All the lines below should appear again unchanged, though their pictures should not.
[Opening Data segment section]
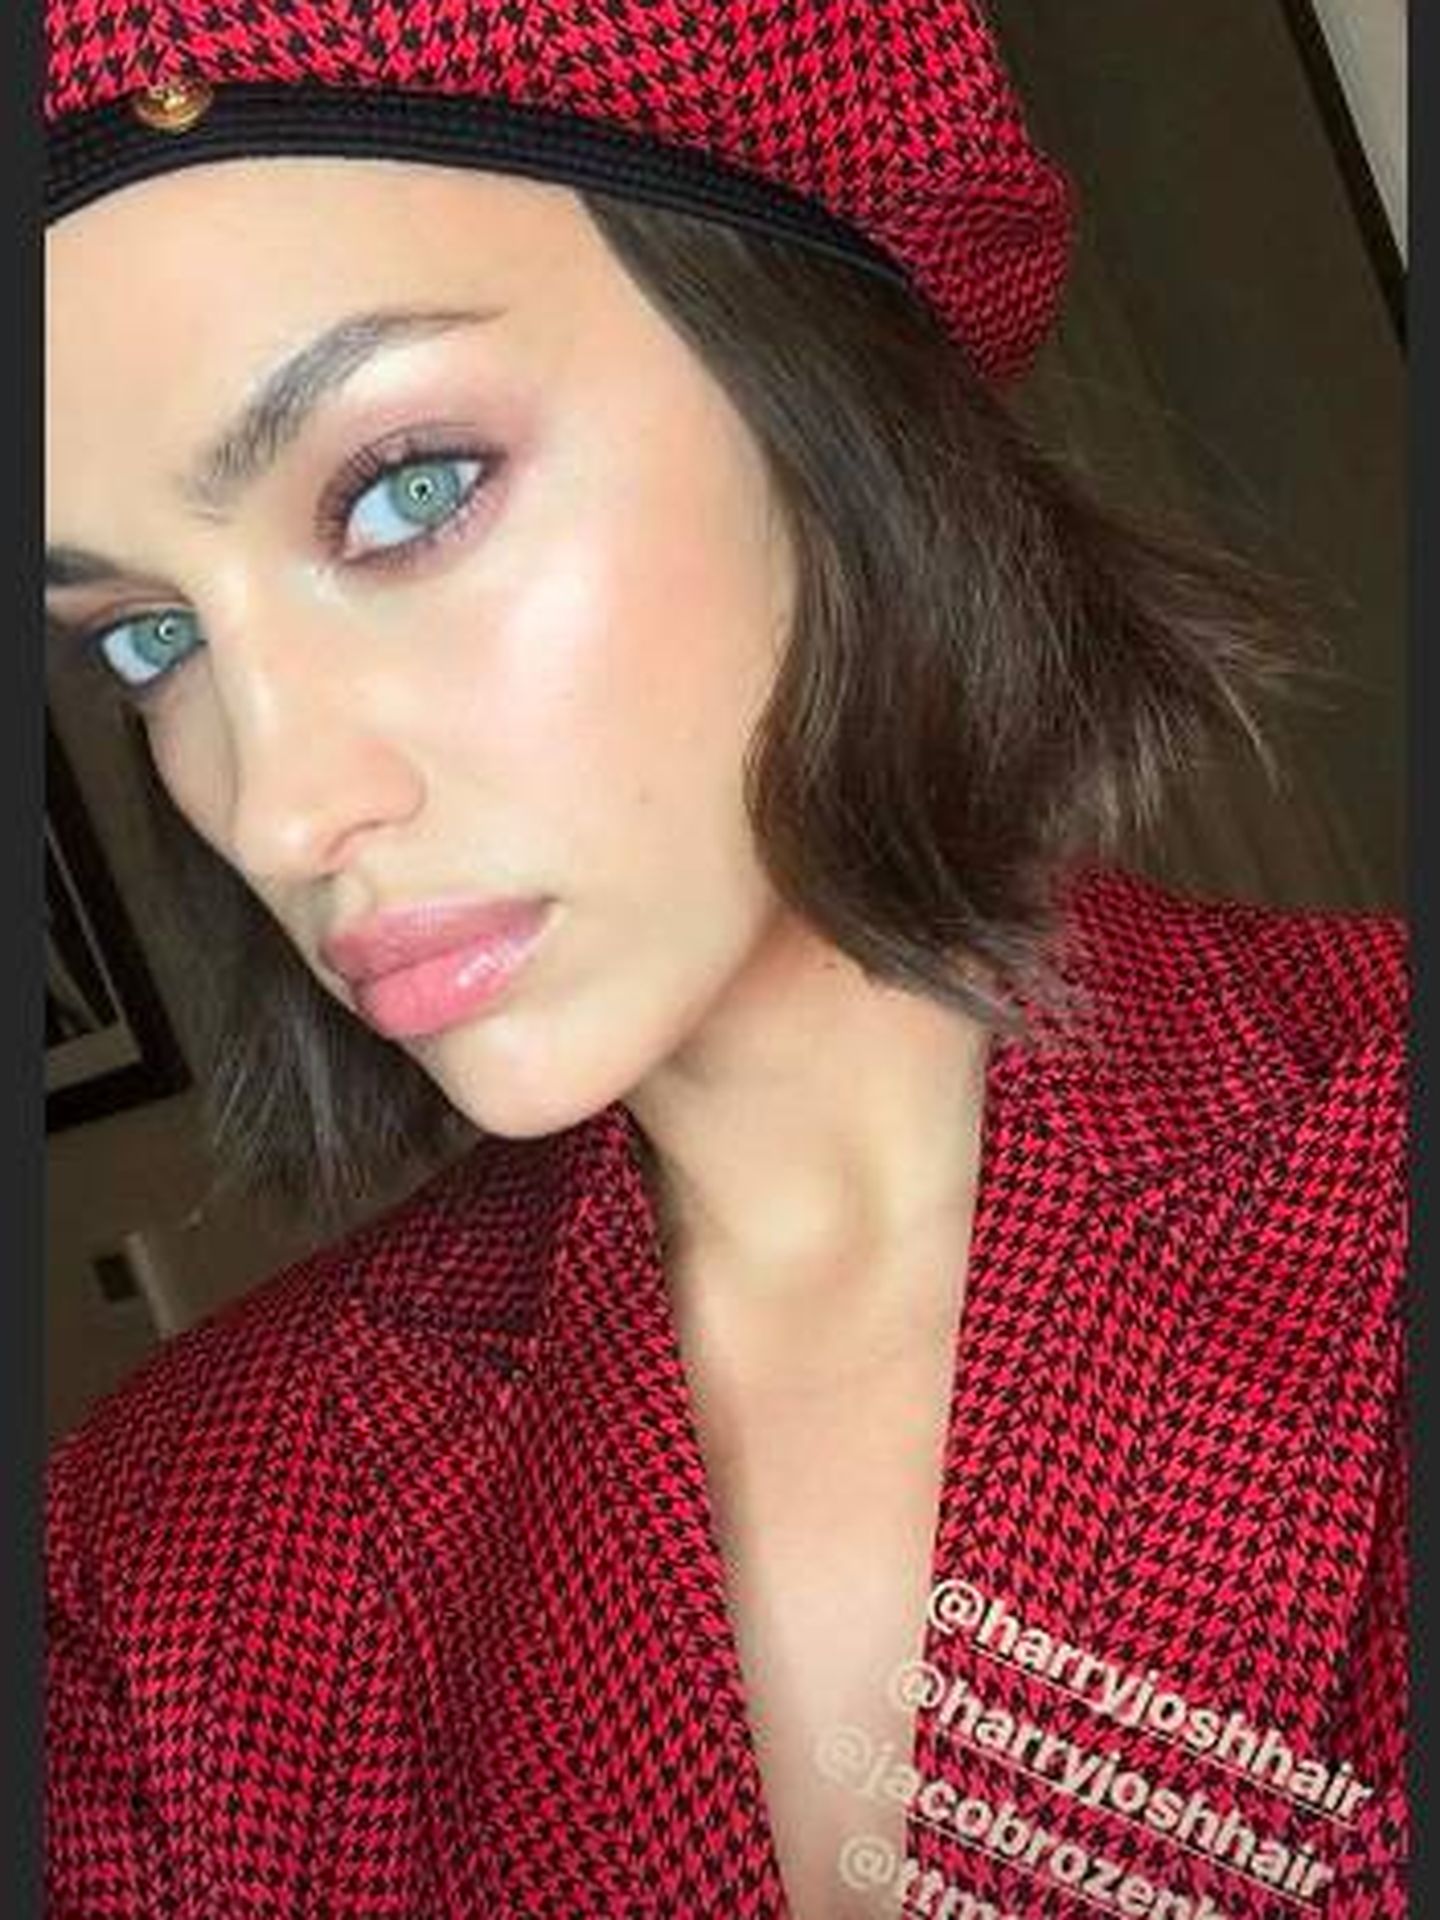 El beauty look que ha lucido Irina al detalle en uno de sus stories. (Instagram)
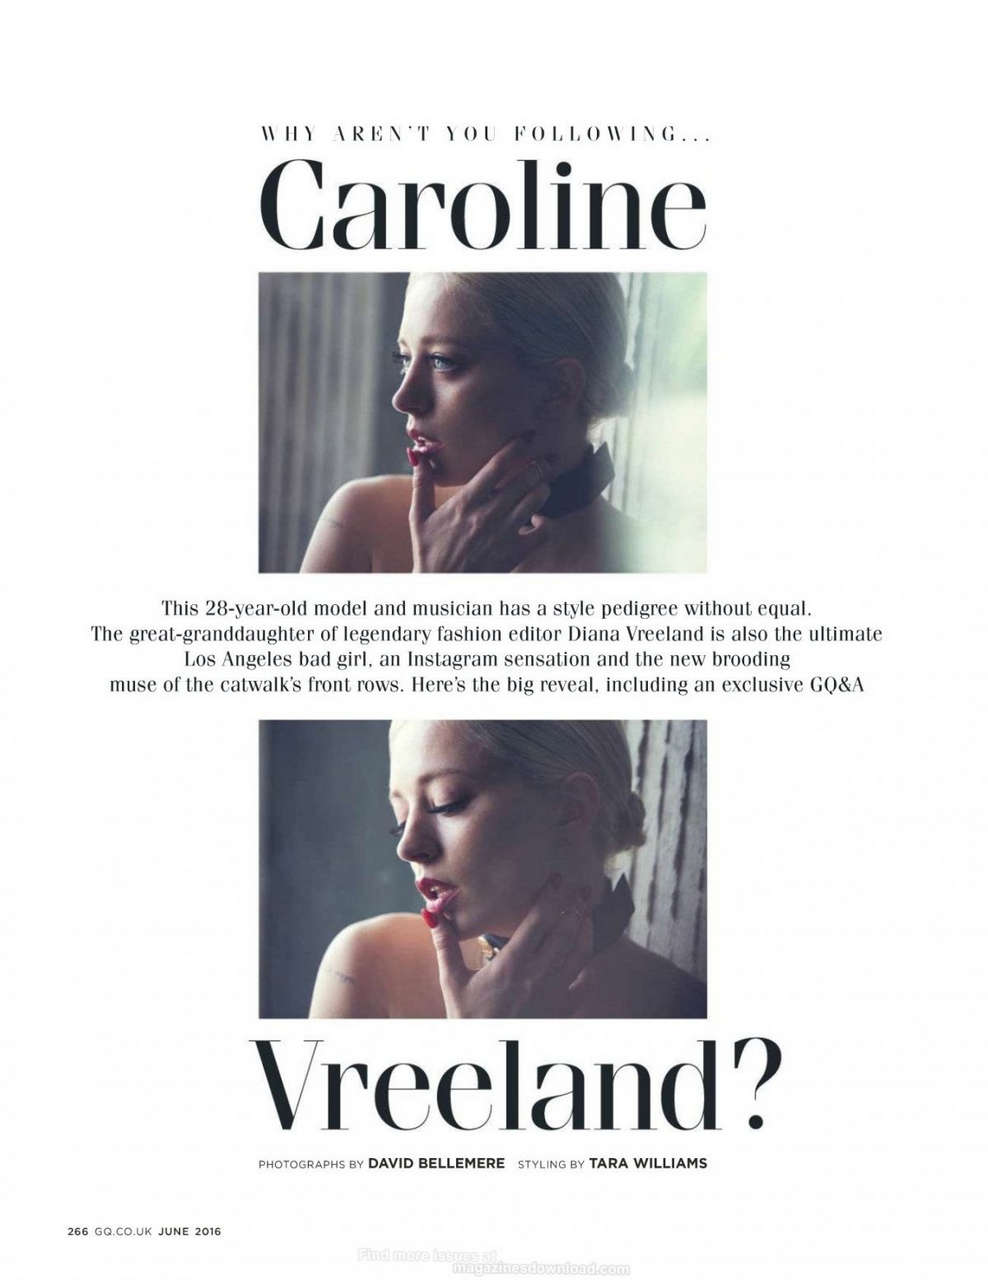 Caroline Vreeand Gq Magazine June 2016 Issue
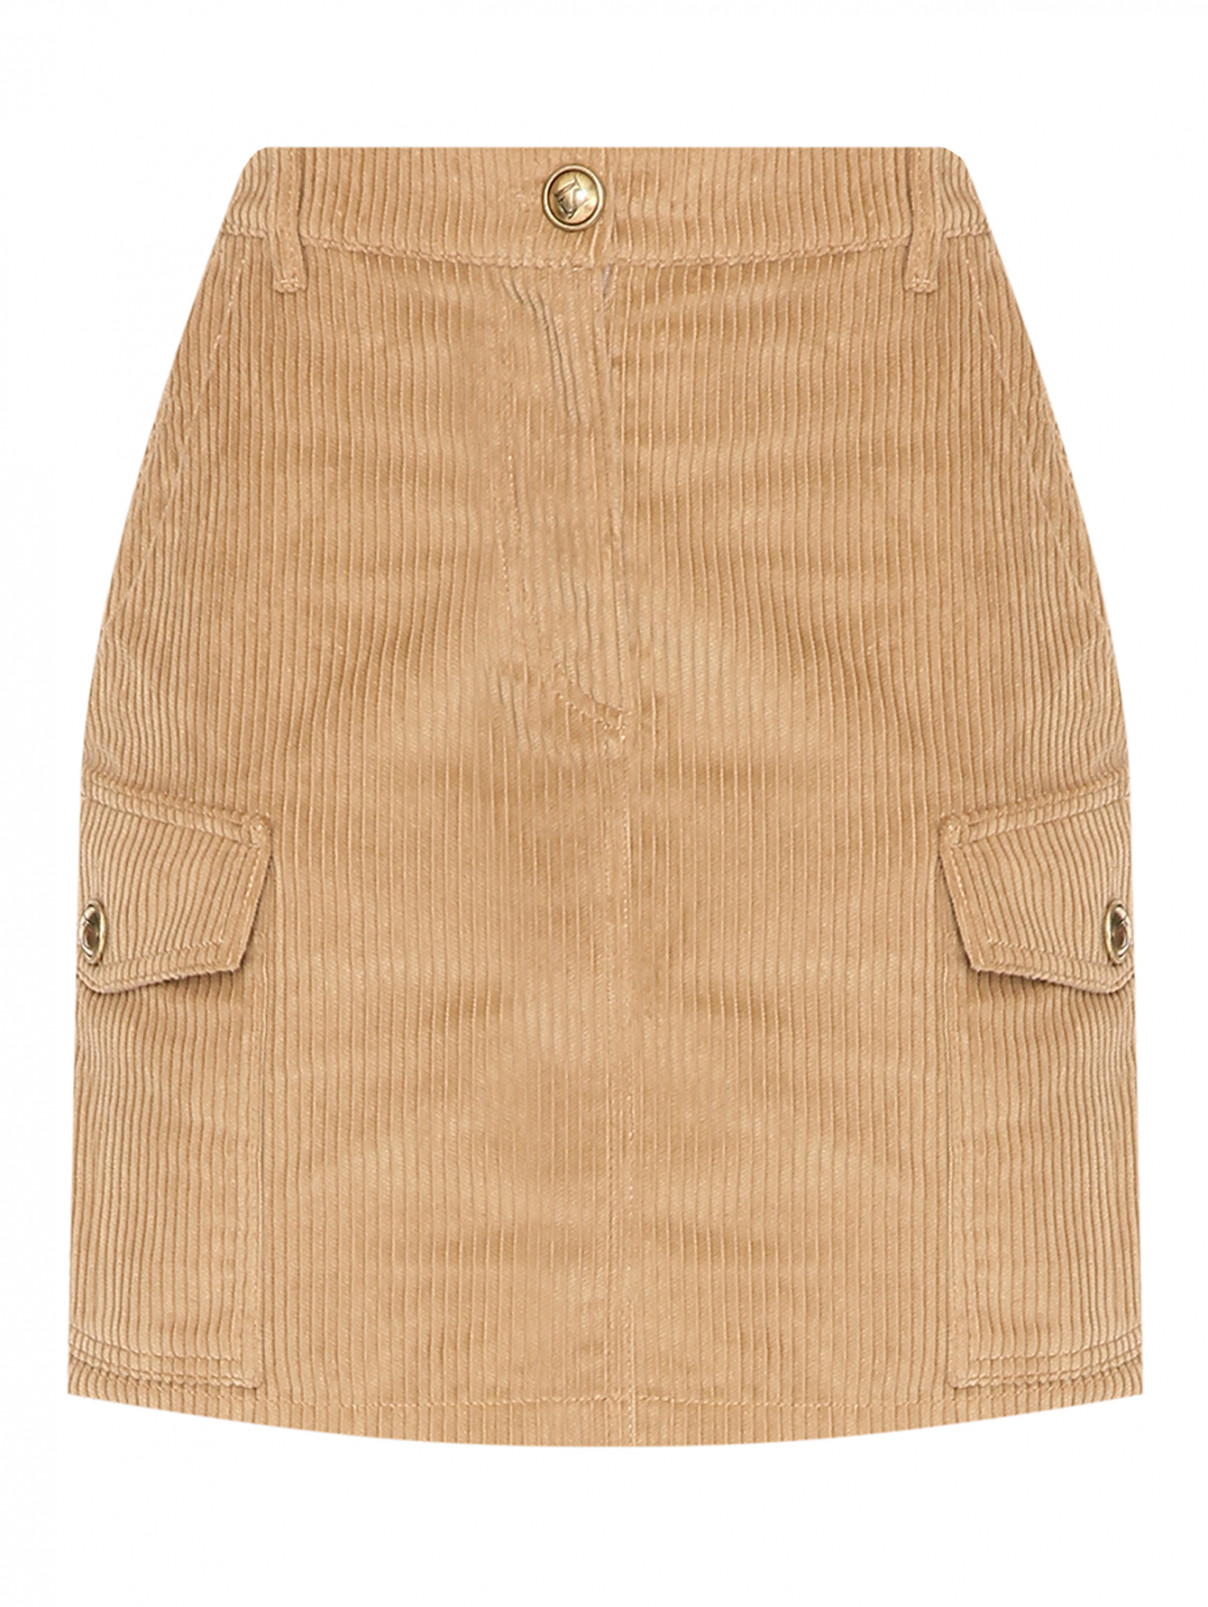 Юбка-мини с карманами Luisa Spagnoli  –  Общий вид  – Цвет:  Бежевый
[Closing Data segment section]
** Task answer **
 El beauty look que ha lucido Irina al detalle en uno de sus stories. (Instagram)
 Caroline Vreeand Gq Magazine June 2016 Issue
 Юбка-мини с карманами Luisa Spagnoli  –  Общий вид  – Цвет:  Бежевый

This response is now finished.